(Action item): Everything in the data that follows should be given again verbatim, except the images.

(Given information):
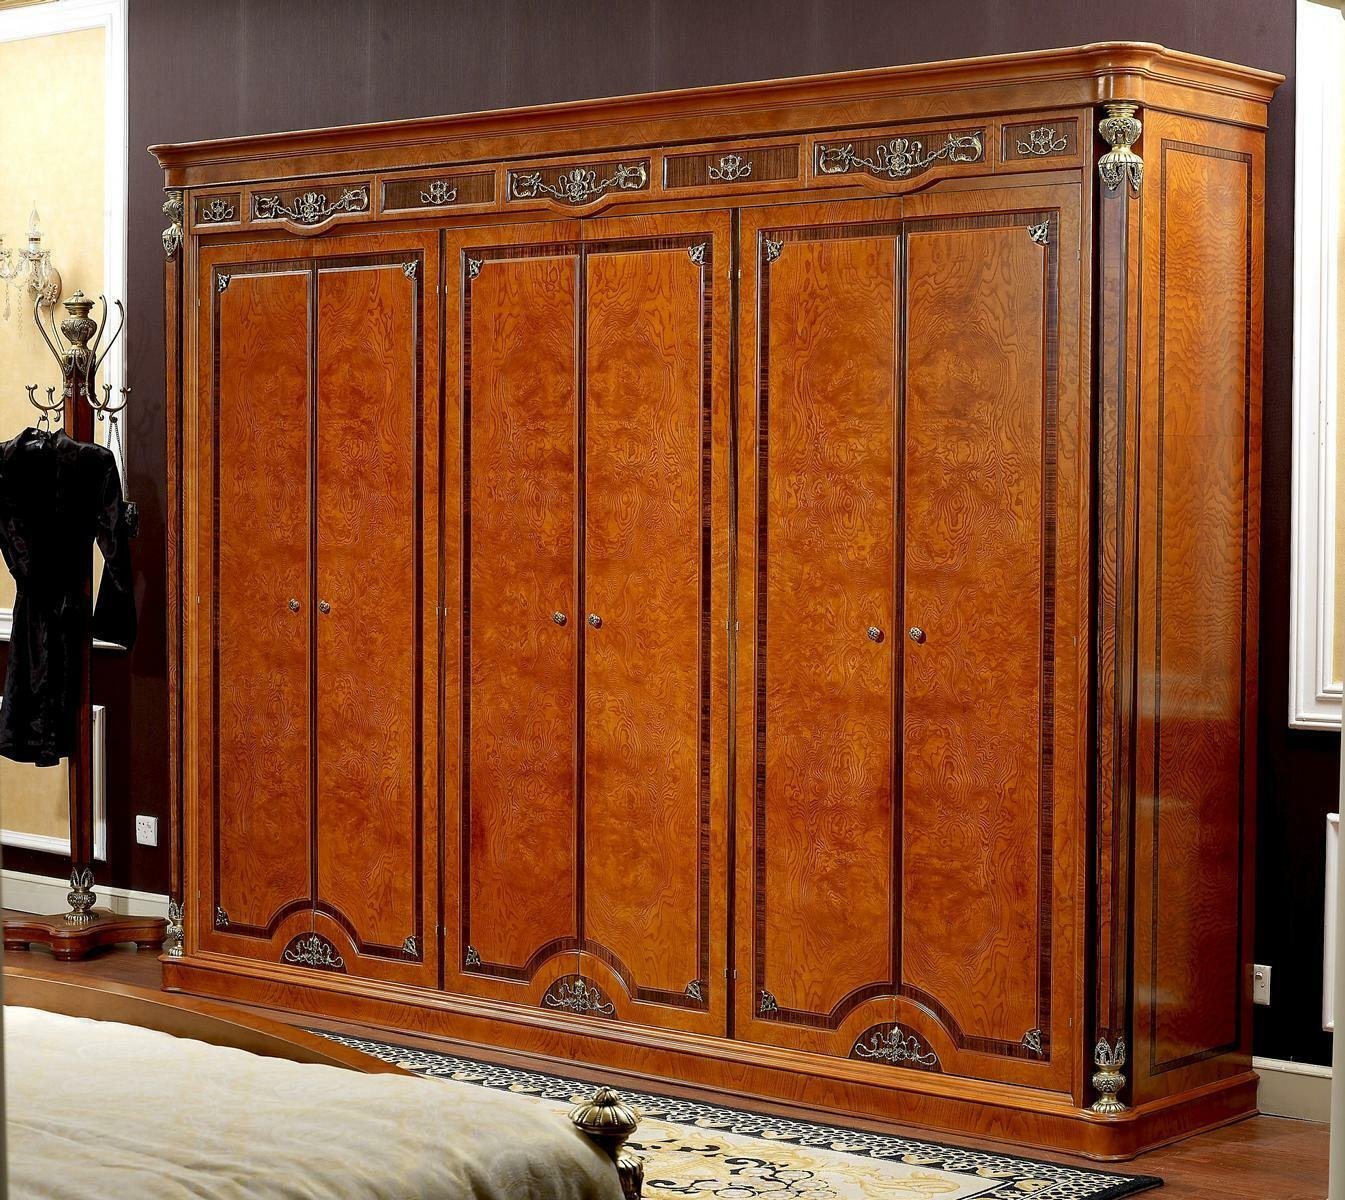 JVmoebel Kleiderschrank XXL BIG Kleiderschrank 6 Türen Antik Stil Barock Rokoko Holz von JVmoebel
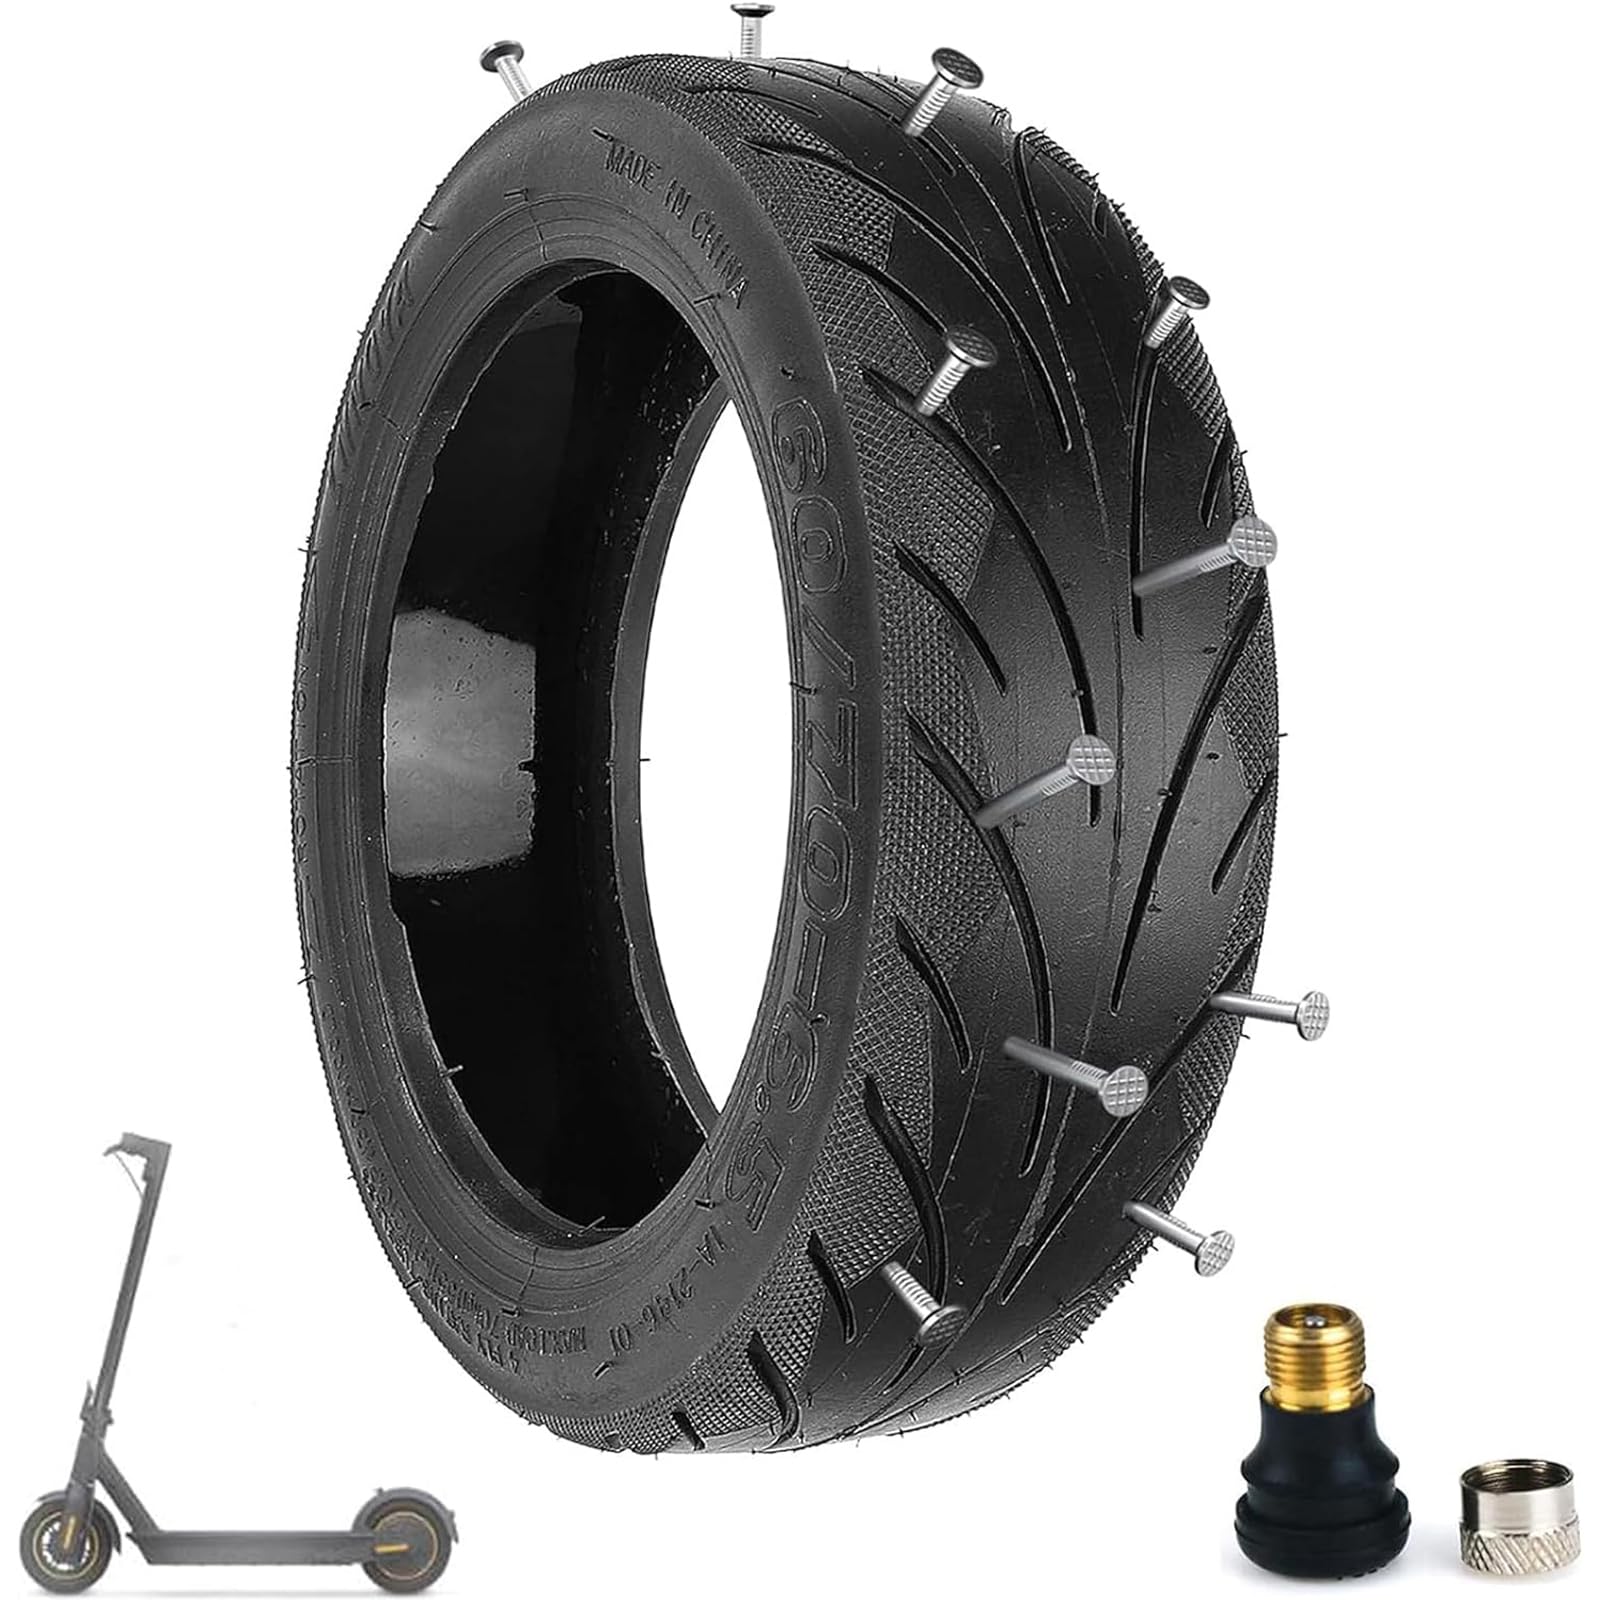 Tmom Max G30 Reifen 60/70-6.5 Tubeless Reifen Explosionsgeschützte Scooter-Reifen für Segway Ninebot Max G30/ Max G30D Roller Selbstreparierender Reifen Verschleißfeste Ersatzreifen (1pcs) von HYGJ
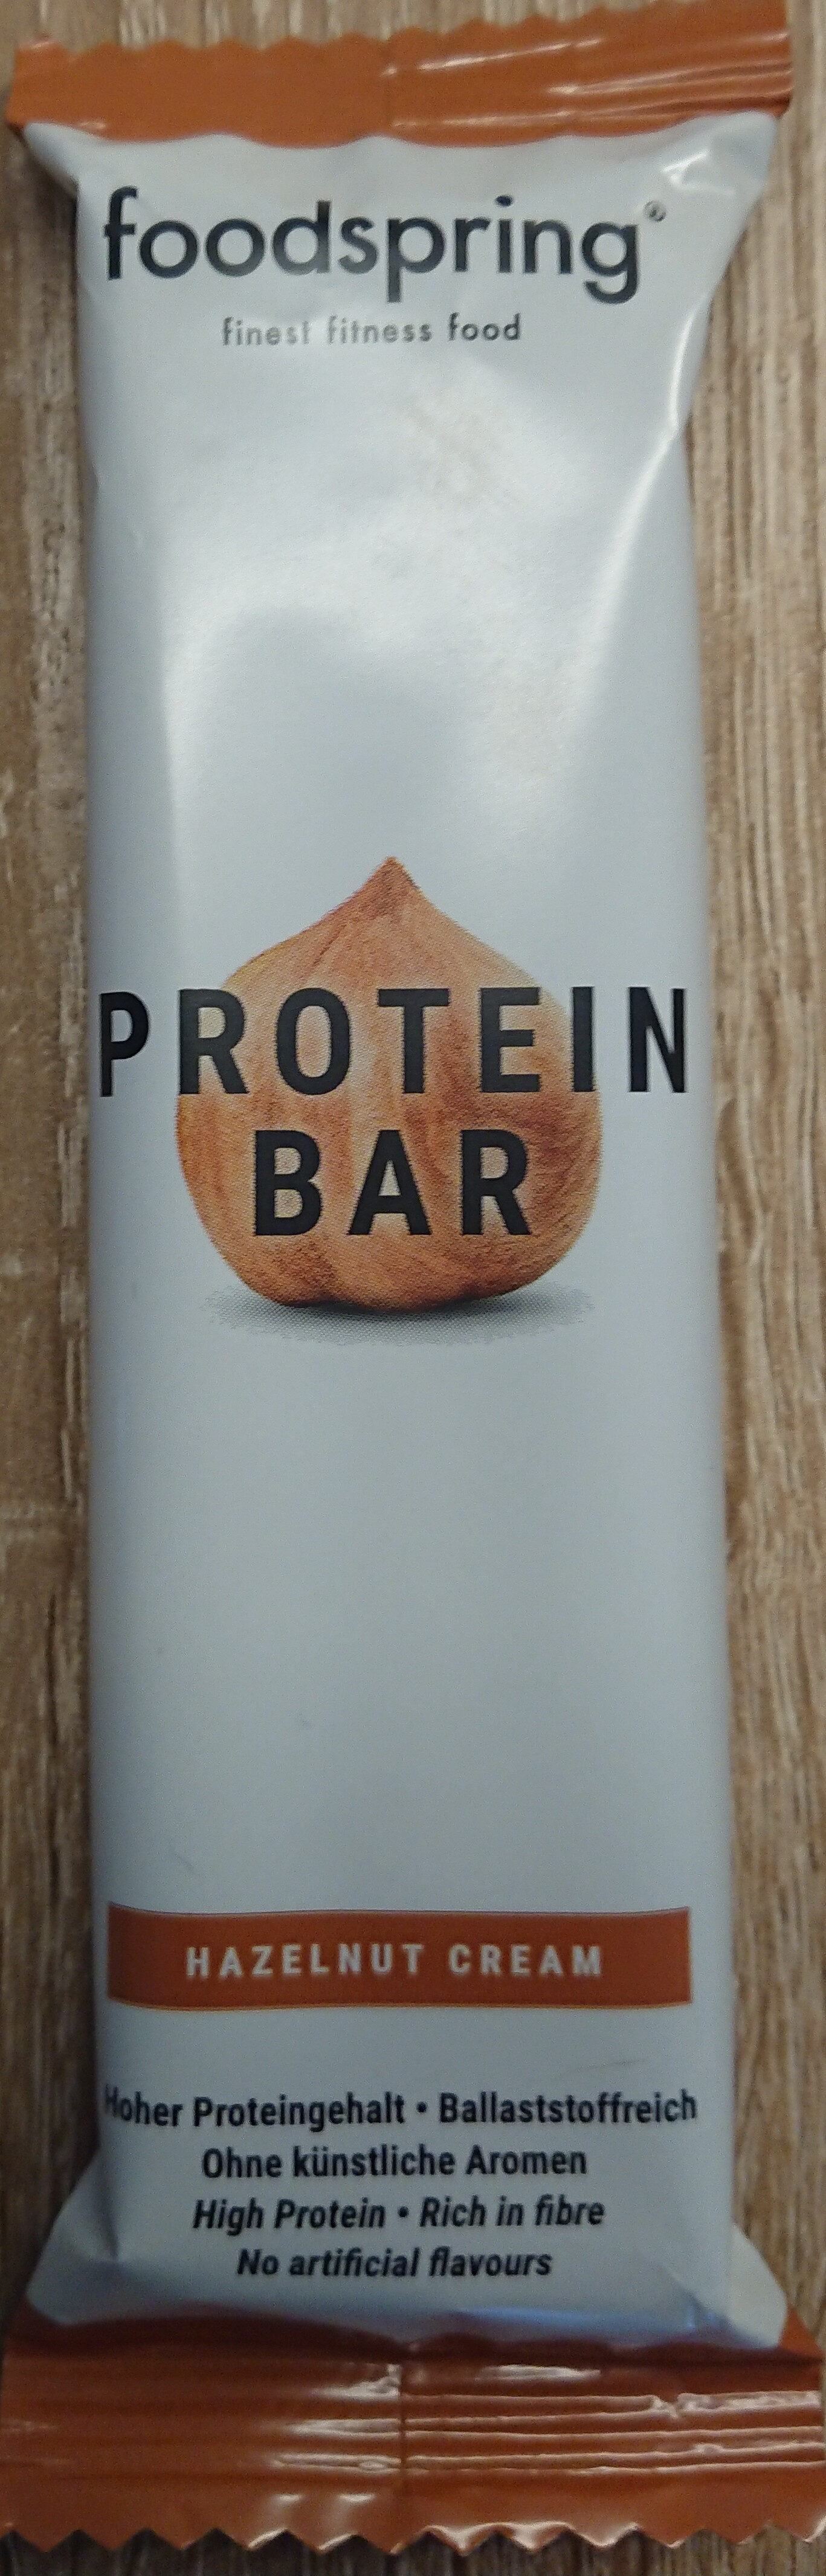 Protein Bar Halzenut Cream - Produkt

(Response to this task):
 JVmoebel Kleiderschrank XXL BIG Kleiderschrank 6 Türen Antik Stil Barock Rokoko Holz von JVmoebel
 Tmom Max G30 Reifen 60/70-6.5 Tubeless Reifen Explosionsgeschützte Scooter-Reifen für Segway Ninebot Max G30/ Max G30D Roller Selbstreparierender Reifen Verschleißfeste Ersatzreifen (1pcs) von HYGJ
 Protein Bar Halzenut Cream - Produkt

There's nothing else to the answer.